Projects

Sequencing Viral Datasets

Cloudbased platform for management and analysis of next generation sequencing viral mutant datasets

PI: Viviana Gradinaru (Division of Biology and Biological Engineering)
SASE: Umesh Padia, Scholar

Adeno-associated viruses (AAVs) are widely used gene delivery vectors due to their ability to transduce dividing and non-dividing cells, their long-term persistence, and low immunogenicity. However, natural AAV serotypes have a limited set of tissues and cell types. Directed evolution has been used to engineer recombinant AAVs to target specific cell types and tissues, leveraging next generation sequencing data. The deluge of data from these deep sequencing experiments has brought about data management and analysis challenges, for which there are no current commercially available solutions. Furthermore, classical approaches to analyzing data from directed evolution heavily involves manual inspection, and often overlooks patterns present in the larger datasets. To address these challenges, we developed robust cloud-based software that provides central management for next generation sequencing data, extracts variants, performs structural modeling, and can be extended to incorporate machine learning models to make predictions for variants with specific properties.

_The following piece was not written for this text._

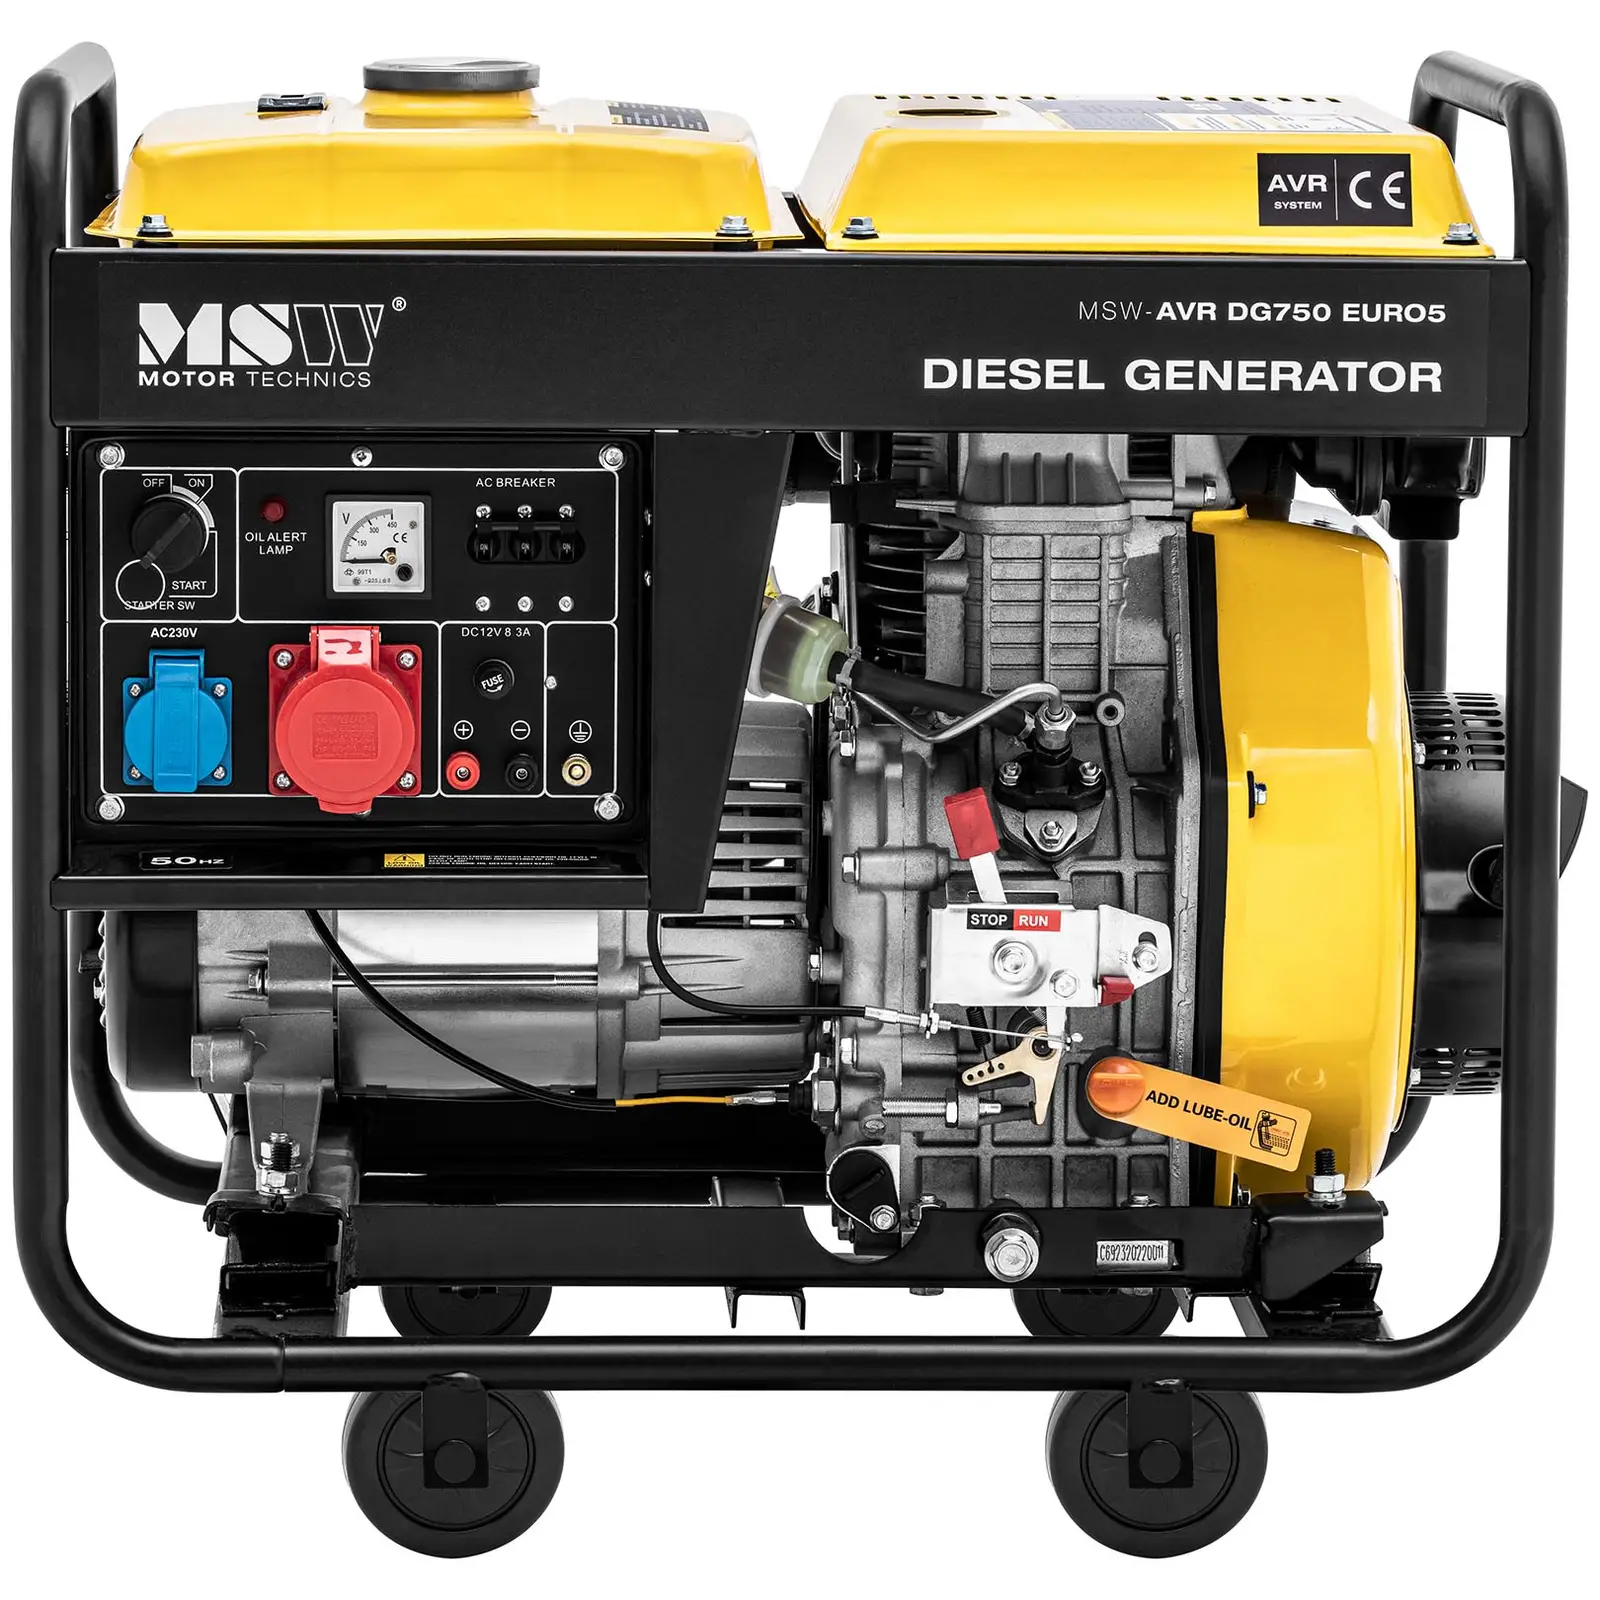 Dieselgenerator - 1650 / 4600 W - 12,5 L - 230/400 V - Portabel - AVR - Euro 5

The software exposes a database of all the millions of variants that have been discovered over the course of many experiments in the lab for on-the-fly searching, filtering, and analysis. The software is composed of a set of interconnected discrete components: a modern web user interface implemented in JavaScript with React, a relational database, a distributed task queue, task workers, and a Django-based API. This architecture allows computationally intensive tasks such as alignments, structural modeling, and machine learning to scale from a single machine to hundreds of machines, with minimal configuration. The software is also built to be cloud-provider agnostic and can be run locally. The software automatically imports and manages sequencing data from several different commercial and in-house sequencing providers. When the data is imported, sequence quality metrics are automatically generated and presented to the user. Variants are extracted by performing pairwise alignments between the natural serotype and the sequencing reads. The variants are further encoded into embeddings, grouped into families, and are further analyzed using downstream tools. We use the Rosetta software libraries to perform comparative modeling simulations on selected variants.

We developed extension support for Pytorch-based machine learning models to generate novel variants with desirable properties as well as to select candidate variants for additional rounds of optimization and characterization. This software represents a general tool for simple, scalable, and centralized analyses of next generation sequencing data for protein engineering by directed evolution and could be generalized for all projects with large-scale deep sequencing datasets in the future.

Over the course of the past year, the lab has adopted the software their experiments regarding the directed evolution of proteins. We (https://www.asgct.org/) have presented the work at the American Society for Gene and Cell Therapy (ASGCT, https://www.asgct.org/) conference in May 2020.

Figure 1 - AAV Variant Count / Enrichment table from a directed evolution experiment

Figure 2 - Structural Modeling of an AAV variant that transduces the human central nervous system.

Chart
Figure 3 - Automatic sequence motif identification

Chart

Figure 4 - Automated AA covariation analysis between virus insert positions.

Chart

Figure 5 - VR Rendering of variant "families", i.e. variants in a sample that are biochemically related.